Maggie bit her lip, surprised by Gus’s vehemence.
“None of what happened to Johnny or Billy or Irene is your fault. Johnny bein’ here now ain’t got nothin’ to do with you!”
“How is it that Irene remembered a girl who danced with Johnny at the prom...a girl who looked like me...before I ever went back?”
“I dreamed about the prom, about Maggie, right after I met her the first time in the hospital. The dream was so real, down to the smallest details...and it felt like a memory, yet I knew it wasn’t. I remembered the prom, and she wasn’t there,” Johnny broke in, contributing to Maggie’s argument.
“That which has been is now; and that which is to be has already been,” Gus quoted quietly.
Maggie and Johnny stared at him, their eyes wide, not understanding.
“Wh-what?” Maggie stuttered.
“It’s scripture. In Ecclesiastes. See, nobody knows that verse. Everybody quotes the parts about there being a time to be born and a time to die, a time to dance and a time to mourn. But if you keep reading, you’ll find that verse. My grandma used to quote it. I think it helped her understand her ability. And you have the same ability, Miss Margaret. You gotta listen to me, child. Listen good. You’re tryin’ to put everything in a tidy little box and wrap it up tight, but I’m tellin’ you, you have the ability to change lives and alter destinies. I don’t know why or how Johnny is here, but be thankful for it, and don’t go tryin’ to unravel mysteries that can’t be unraveled without unraveling people’s lives.”
“I’m not trying to do anything, Gus! I didn’t try to go back in time. I just did!”
"I don't want to scare you, Miss Margaret, but you gotta understand. My grandma was deathly afraid of slipping into another time. And after that first time, when she'd seen the slaves trying to escape, she felt the layers were especially thin. She said it almost got to the point where she feared sleeping alone or being alone in any place where the history of her family was the strongest.
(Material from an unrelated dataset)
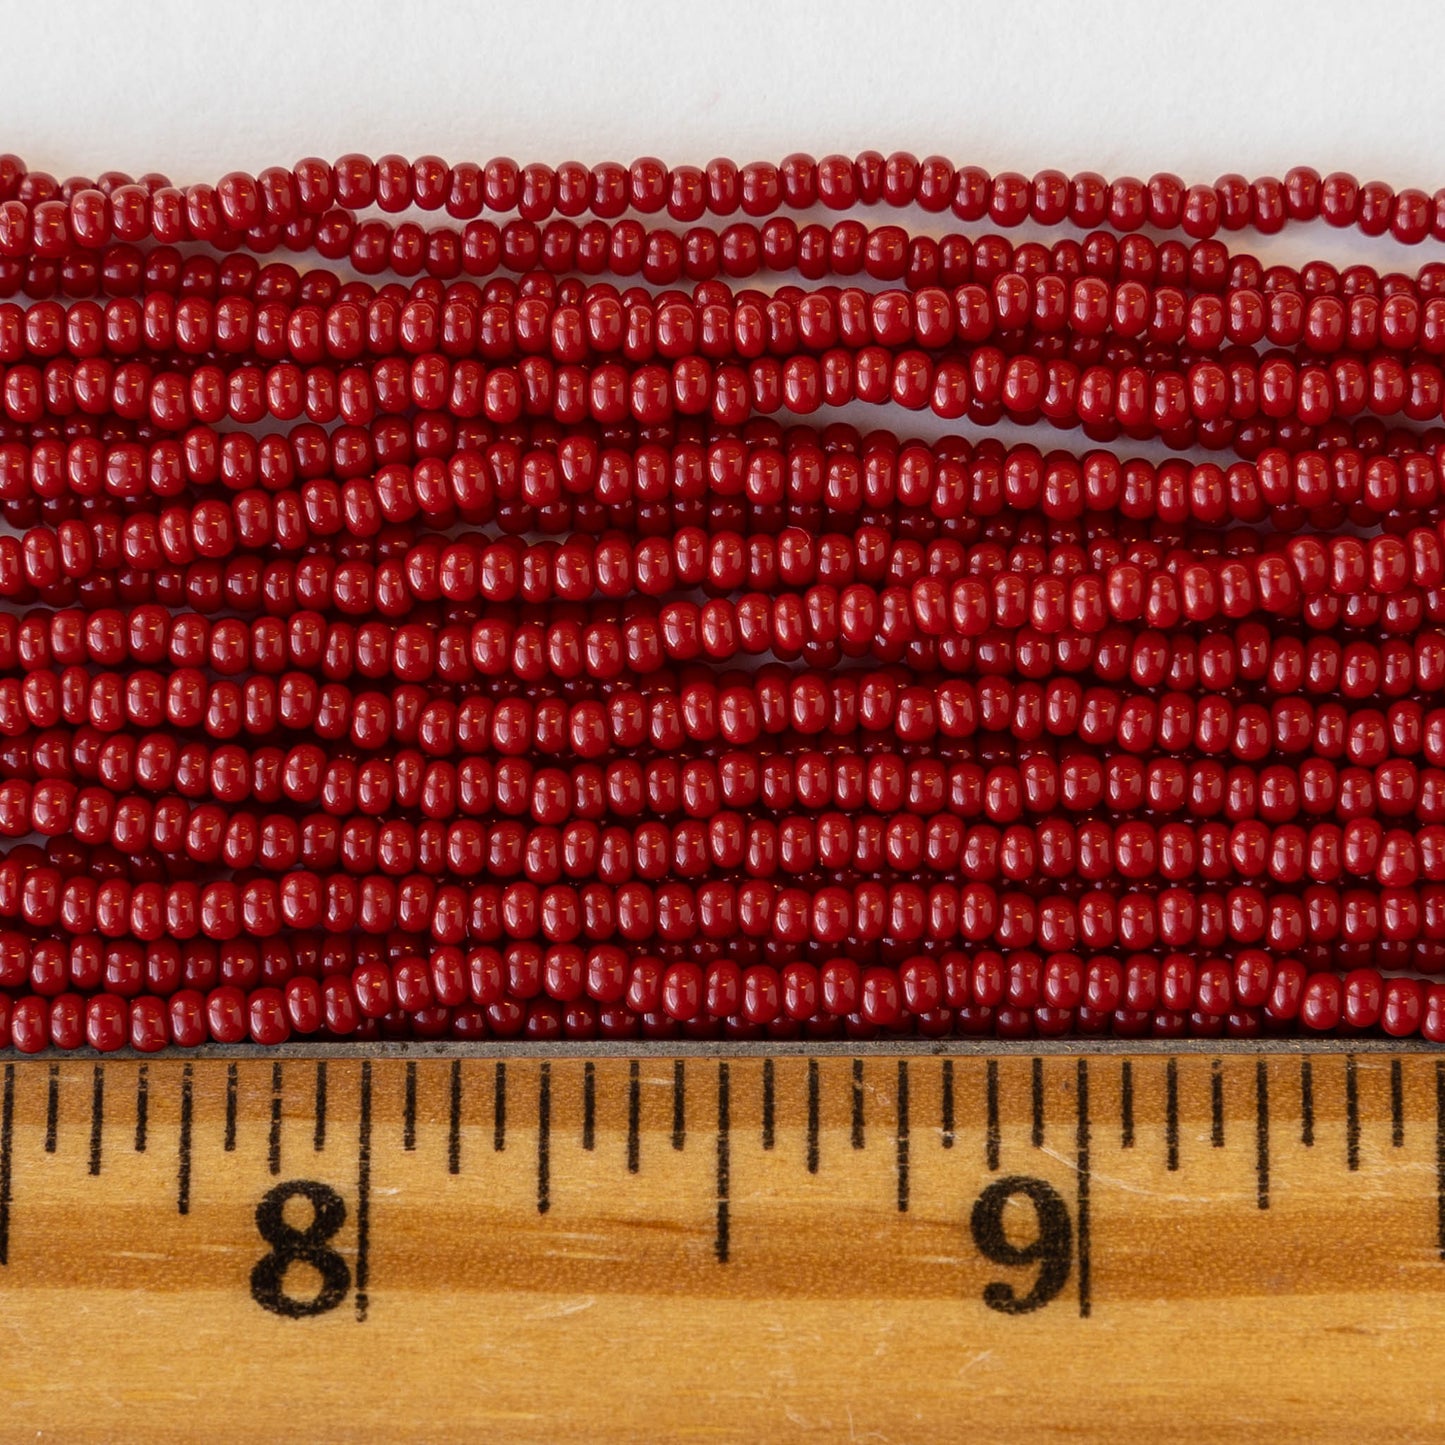 Size 11/0 Seed Beads - Opaque Maroon - Choose Amount
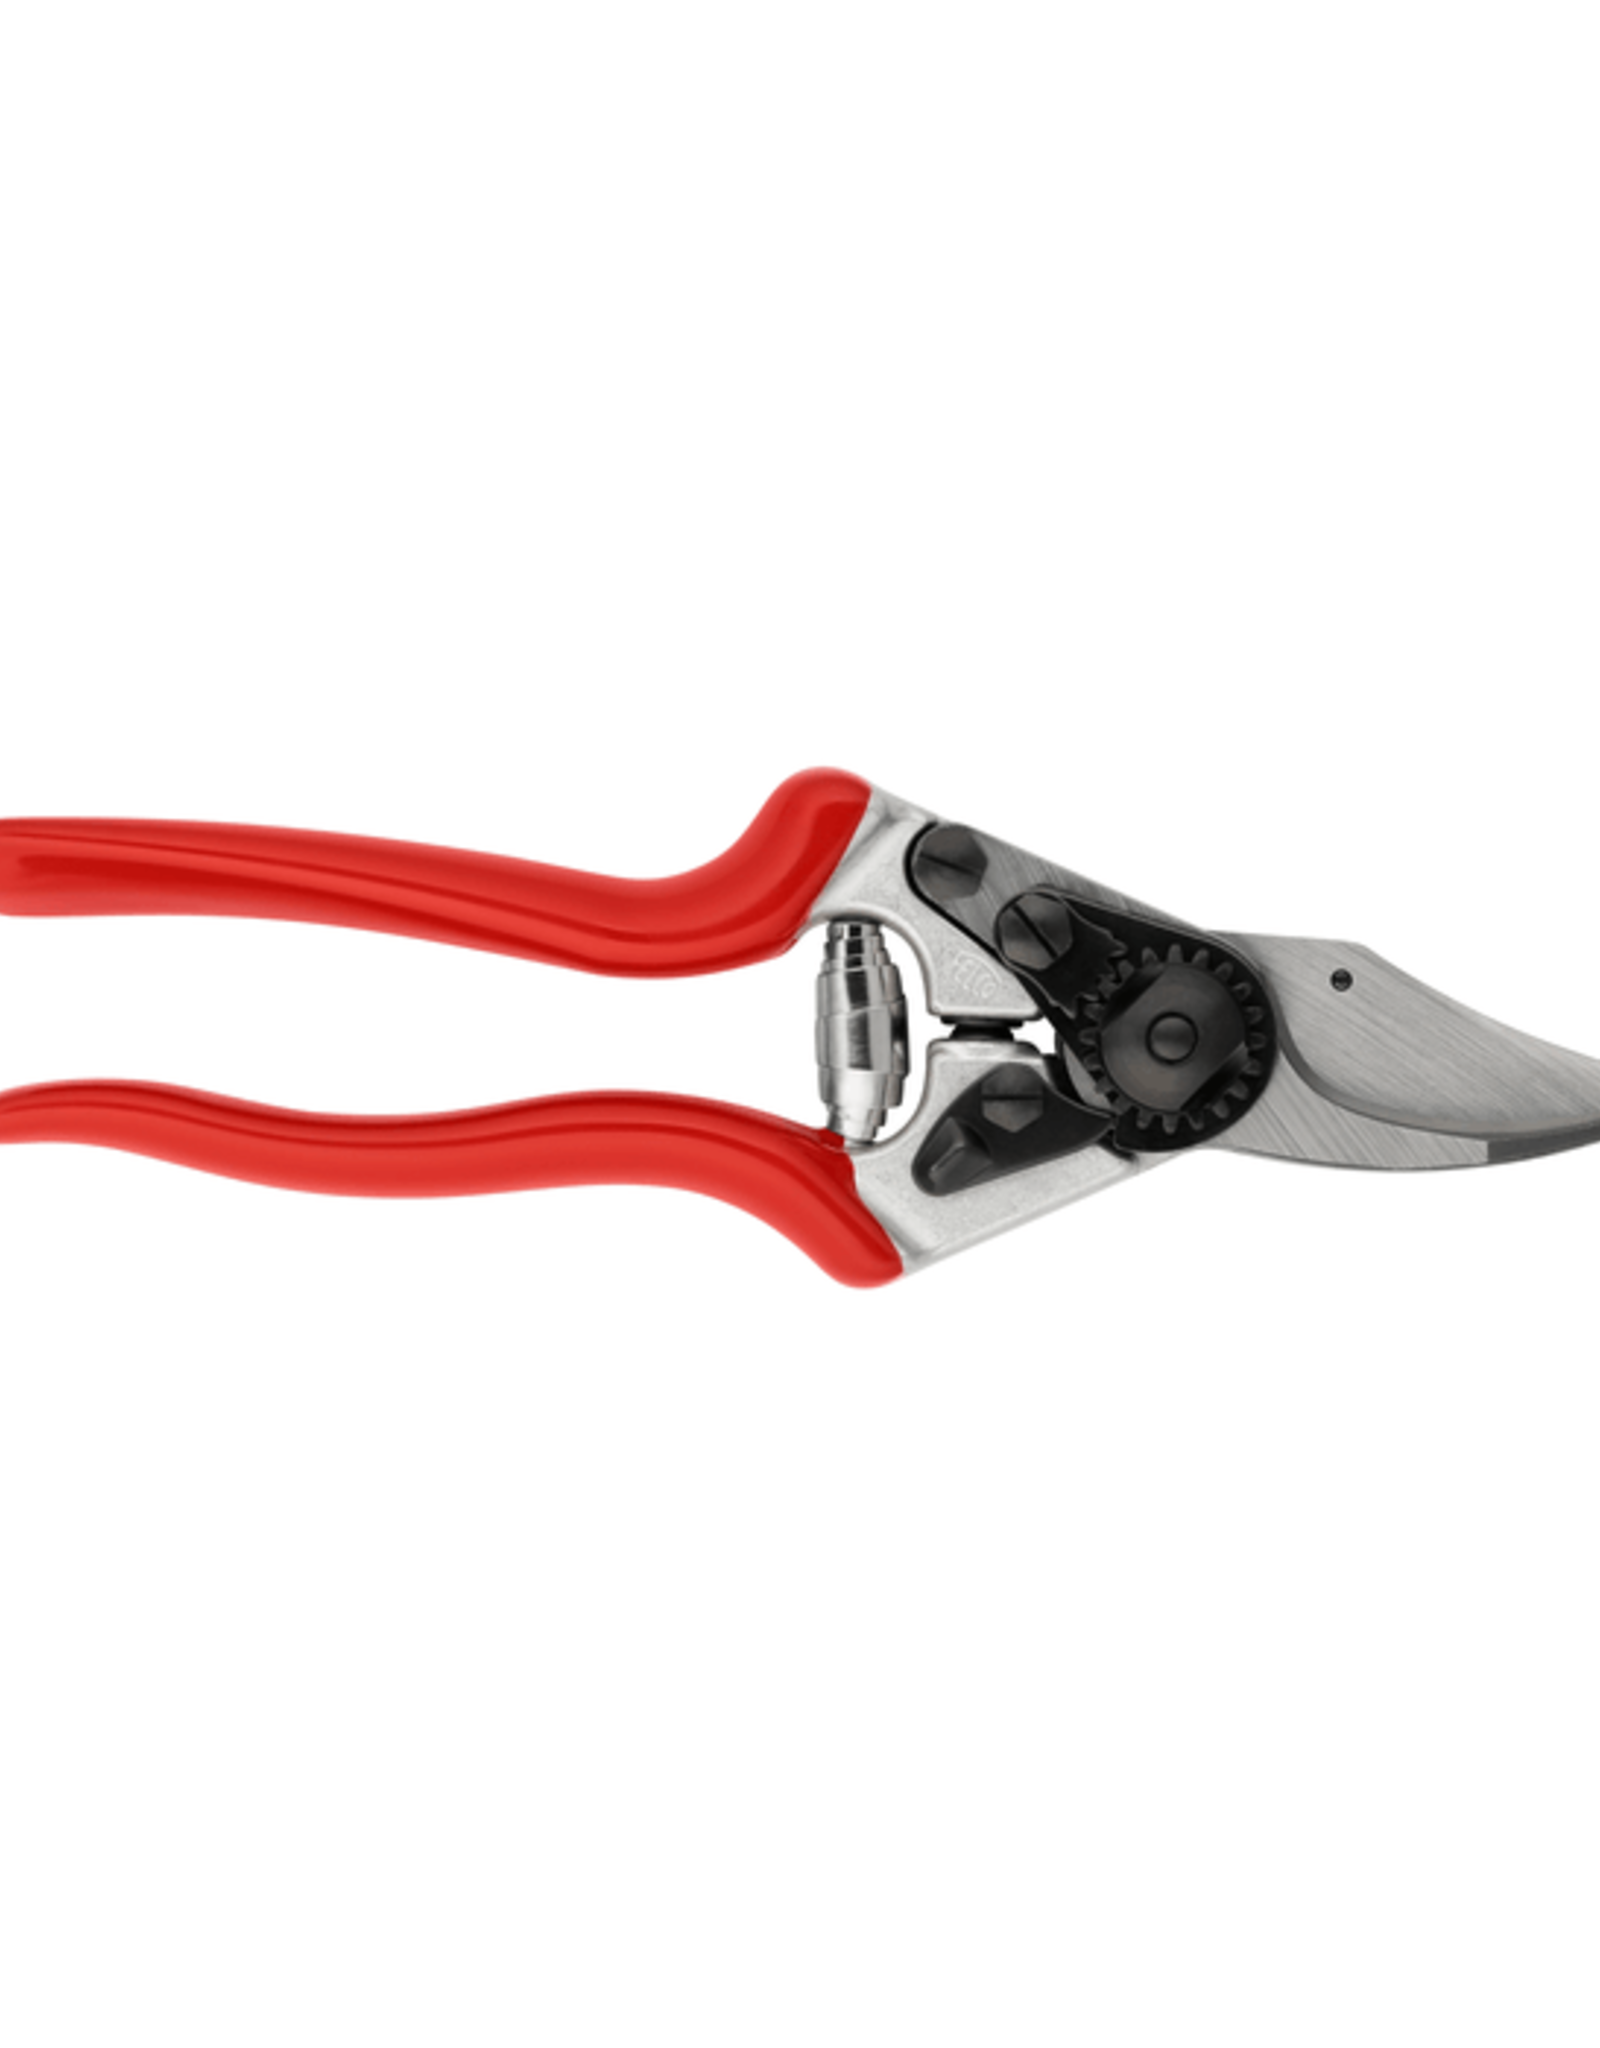 Felco 16 - One-hand pruning shear - High performance - Ergonomic - Compact - For left-handers

She made my grandpa hold her while she slept, to make sure she didn't slip away."
Johnny and Maggie shared a glance, remembering how she had clung to him in the car, holding onto his hand for dear life.
"My grandma worked in a big old house in Birmingham owned by some rich white folk. Her mother, and her mother's mother had both worked in that house as well, along with various cousins and aunts and uncles going back several generations. That was how she got the job. Originally, our family had been slaves, and after emancipation, we just kept on working for the same family, 'cept we got paid a little. It wasn't really much different than it had been before. After my grandmother had her experience with the dogs and the slave trackers, she said working in that big house became a nightmare. It was as if the floodgates had opened. The blood connection, along with the house that had been standing for more than a century, filled with the history of her family, became like one of them houses of mirrors at the circus. You ever been in one of those? There's a million of you in all different shapes and sizes, and you don't know which one is real - which one is actually you.
"One day my grandma was at work in the big house and she started feelin' poorly. The lady of the house told her to rest herself in the parlor in a big rocking chair. My grandma fell asleep, rocking back and forth in that chair. She woke up to find a young white girl strugglin' to fight off an older man who was makin' improper advances." Gus looked uncomfortable but soldiered on. "My grandma didn't think twice and started poundin' on the man's back, tryin' to pull him off the girl. The man ran from the room, and the girl cried in my grandmother's arms, begging her not tell what she'd seen.